The required output is the exact run of lines in the listing below from the line holding "Emerald Engagement Rings & Jewellery" through the line holding "3 way switch, new wiring.", with no pictures.

Exercise inputs =>
______________________________

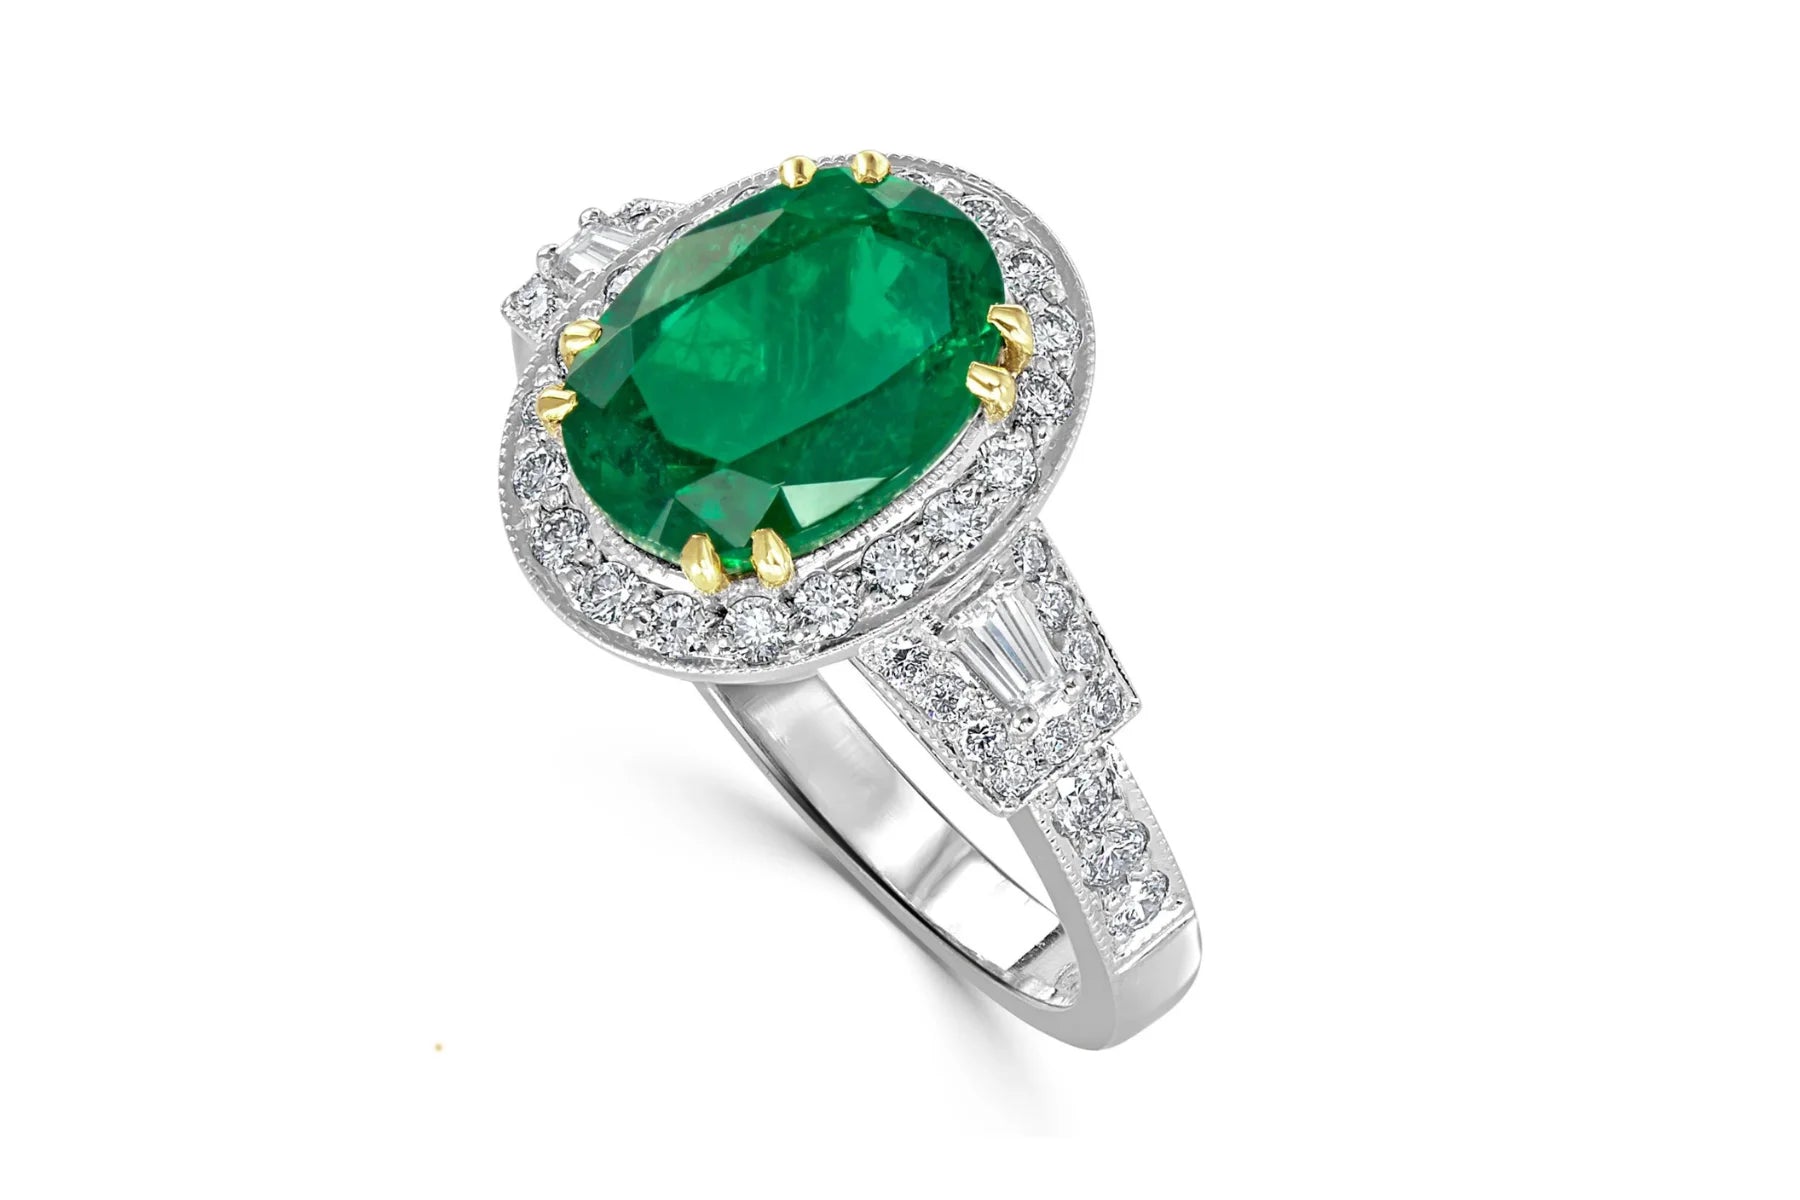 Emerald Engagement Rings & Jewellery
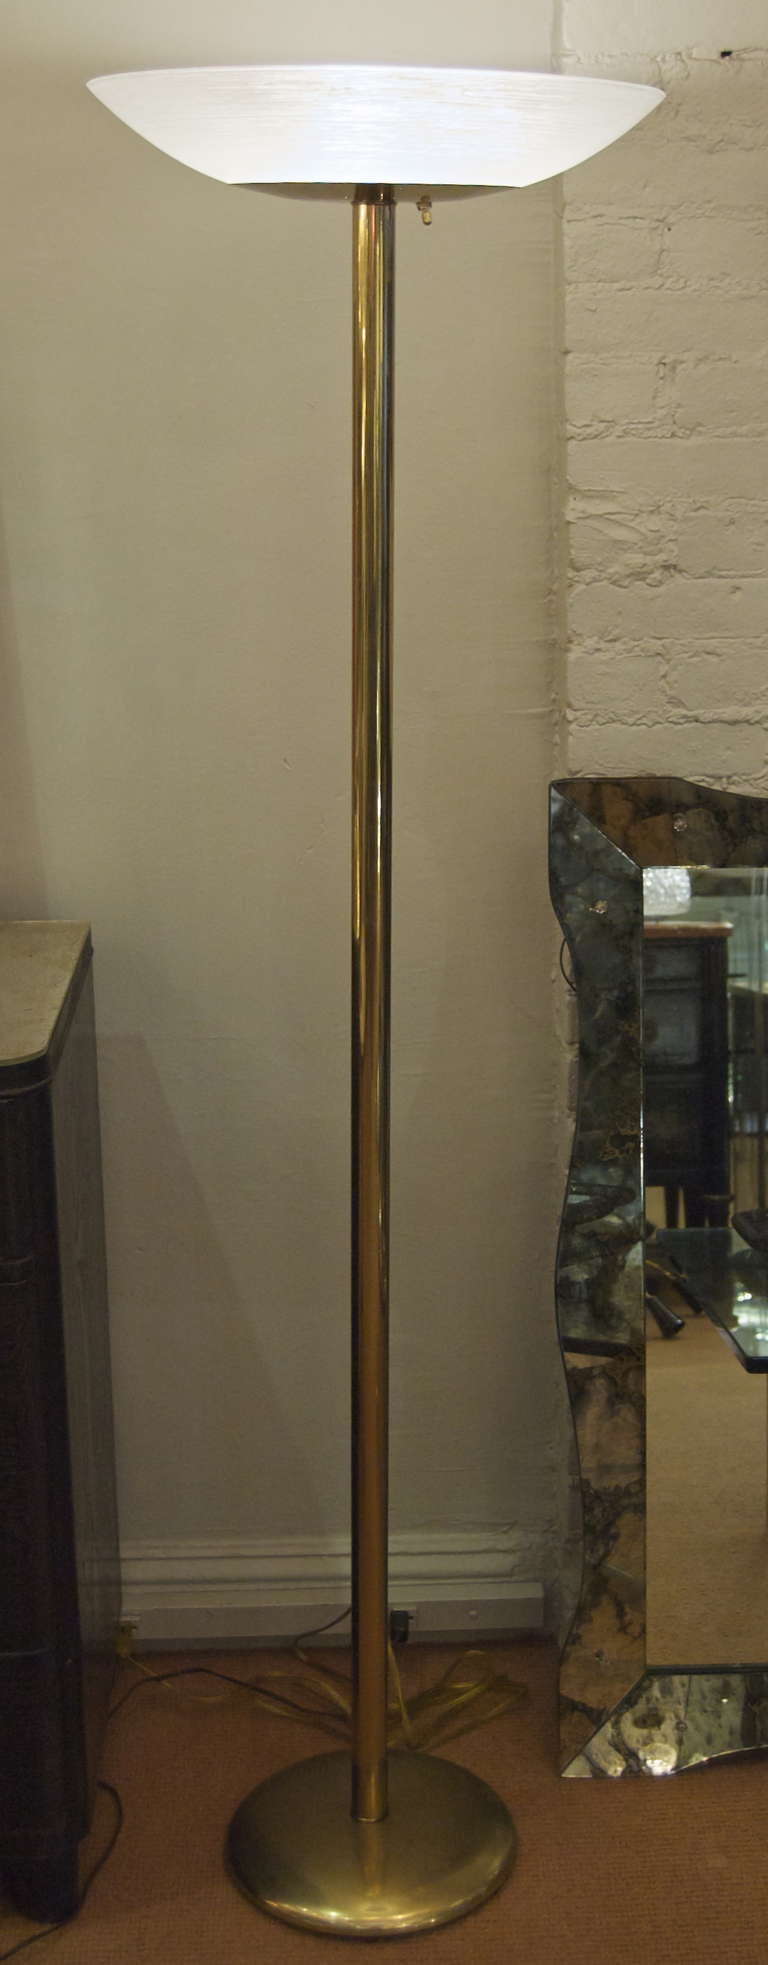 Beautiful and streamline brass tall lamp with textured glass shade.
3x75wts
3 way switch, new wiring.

______________________________

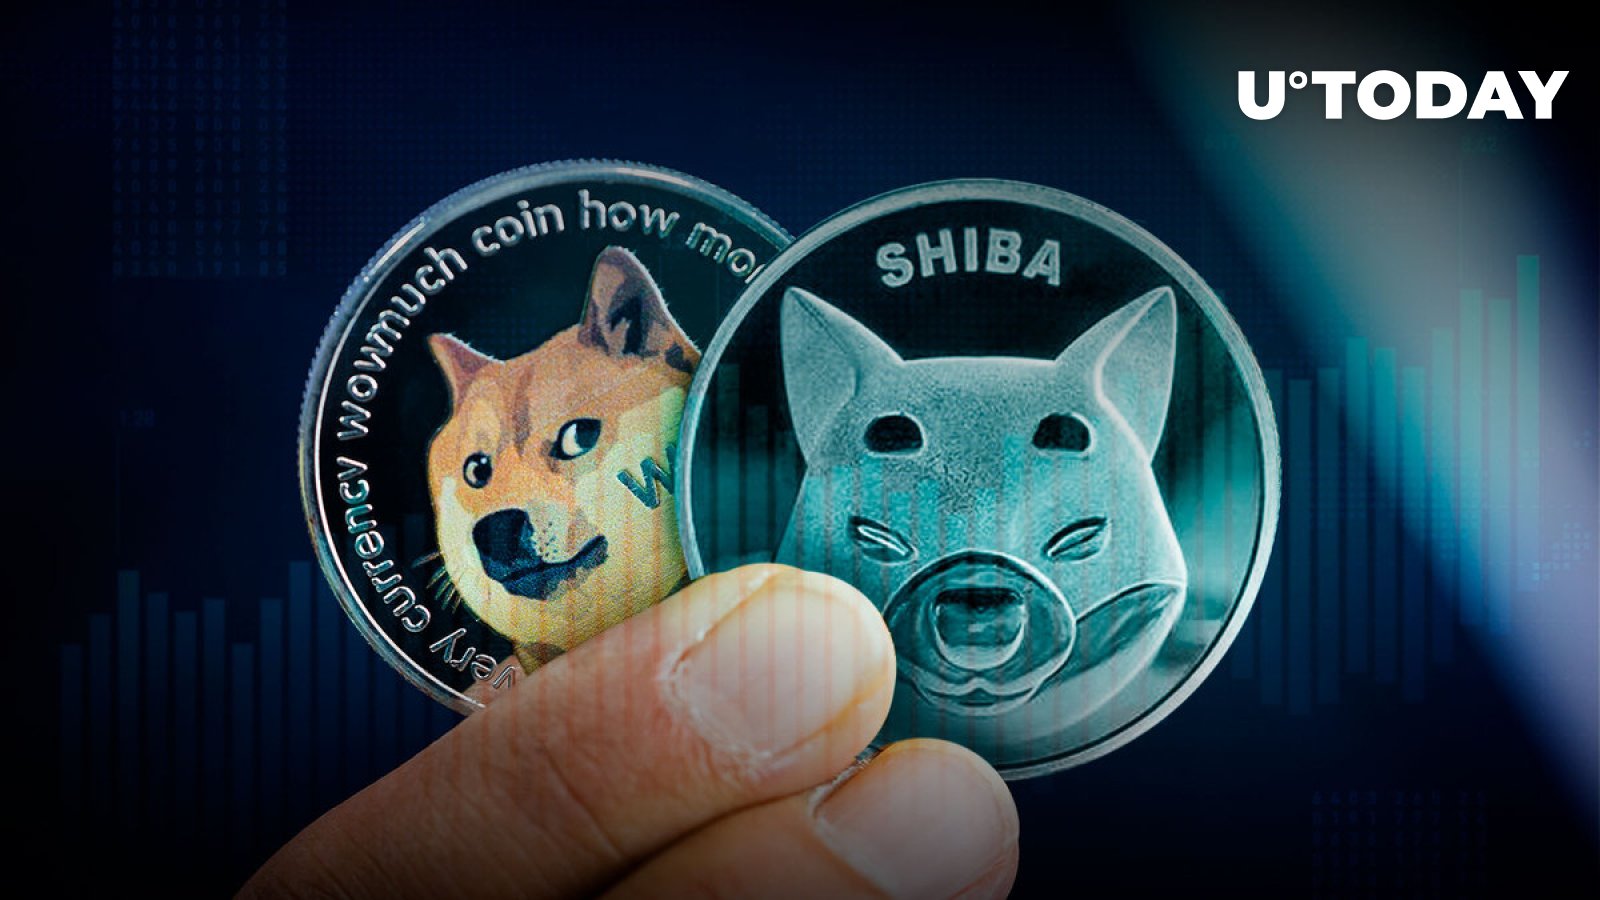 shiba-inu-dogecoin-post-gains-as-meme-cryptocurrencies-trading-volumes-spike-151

______________________________

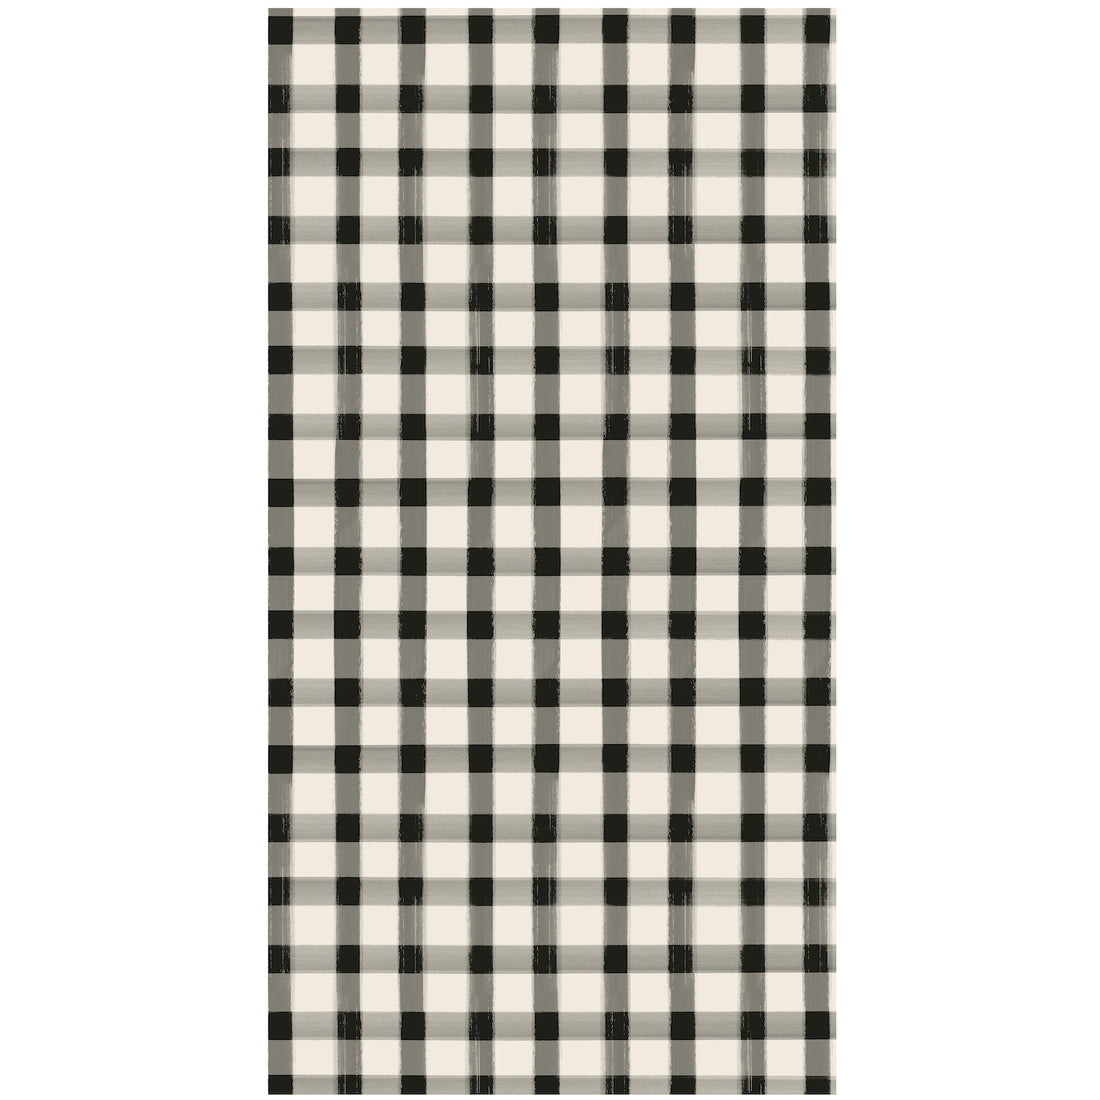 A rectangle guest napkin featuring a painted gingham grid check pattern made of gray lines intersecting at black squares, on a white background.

______________________________

Solution to this exercise =>
 Emerald Engagement Rings & Jewellery
 Beautiful and streamline brass tall lamp with textured glass shade.
3x75wts
3 way switch, new wiring.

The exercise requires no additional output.